Systematic Review of Artificial Intelligent-Driven Inverse Design for Terahertz Metamaterials

Terahertz (THz) metamaterials, with their exceptional ability to precisely manipulate the phase, amplitude, polarization and orbital angular momentum (OAM) of electromagnetic waves, have demonstrated significant application potential across a wide range of fields. However, traditional design methodologies often rely on extensive parameter sweeps, making it challenging to address the increasingly complex and diverse application requirements. Recently, the integration of artificial intelligence (AI) techniques, particularly deep learning and optimization algorithms, has introduced new approaches for the design of THz metamaterials. This paper reviews the fundamental principles of THz metamaterials and their intelligent design methodologies, with a particular focus on the advancements in AI-driven inverse design of THz metamaterials.

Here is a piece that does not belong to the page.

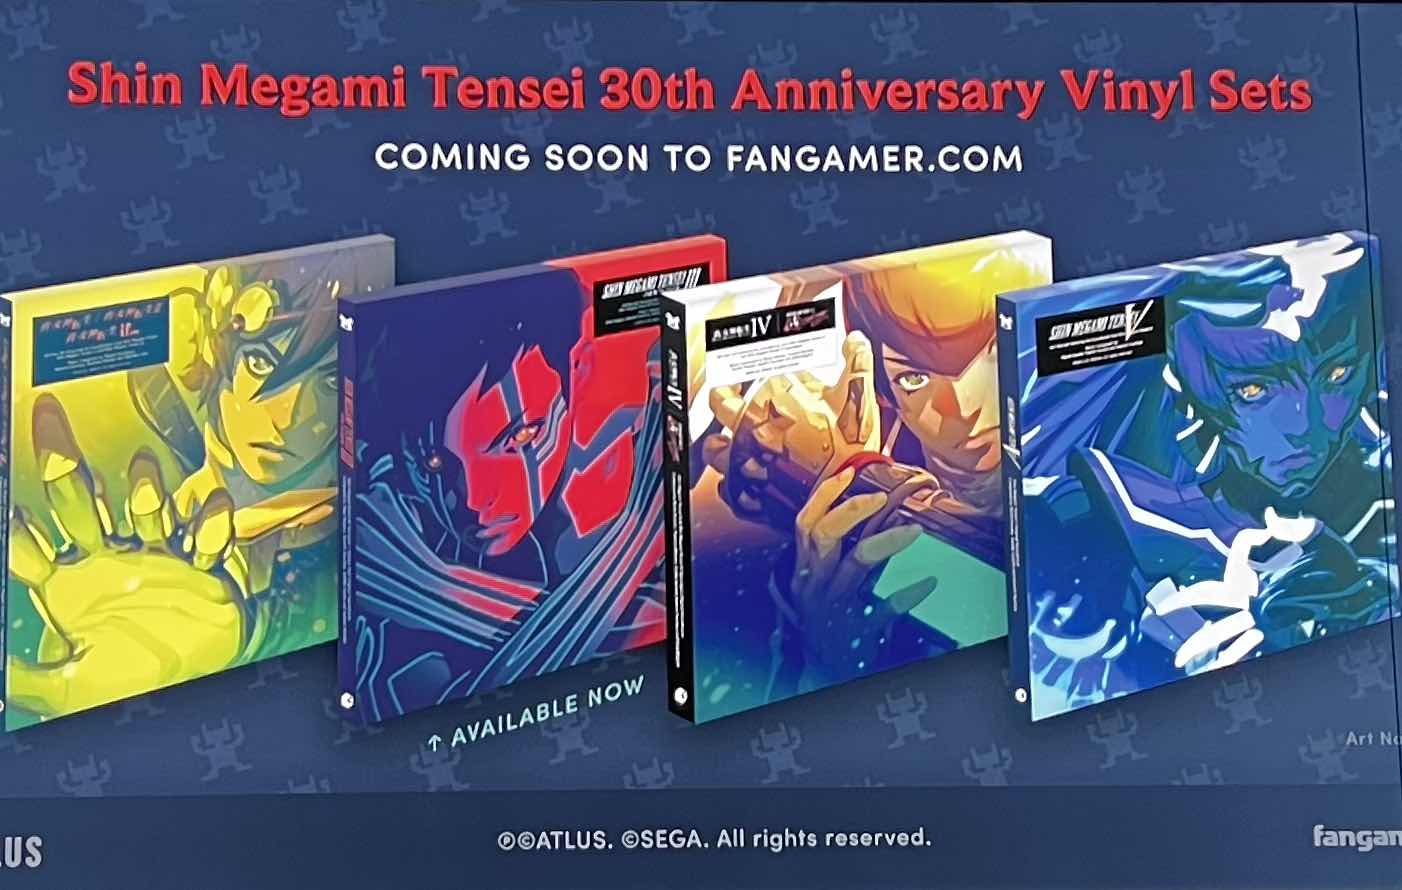 Shin Megami Tensei 30th Anniversary Vinyl Announced Featuring I, II, Nocturne, IV, V & if…

The AI-driven inverse design process allows for the creation of THz metamaterials with desired properties by working backward from the unit structures and array configurations of THz metamaterials, thereby accelerating the design process and reducing both computational resources and time. It examines the critical role of AI in improving both the functionality and design efficiency of THz metamaterials. Finally, we outline future research directions and technological challenges, with the goal of providing valuable insights and guidance for ongoing and future investigations.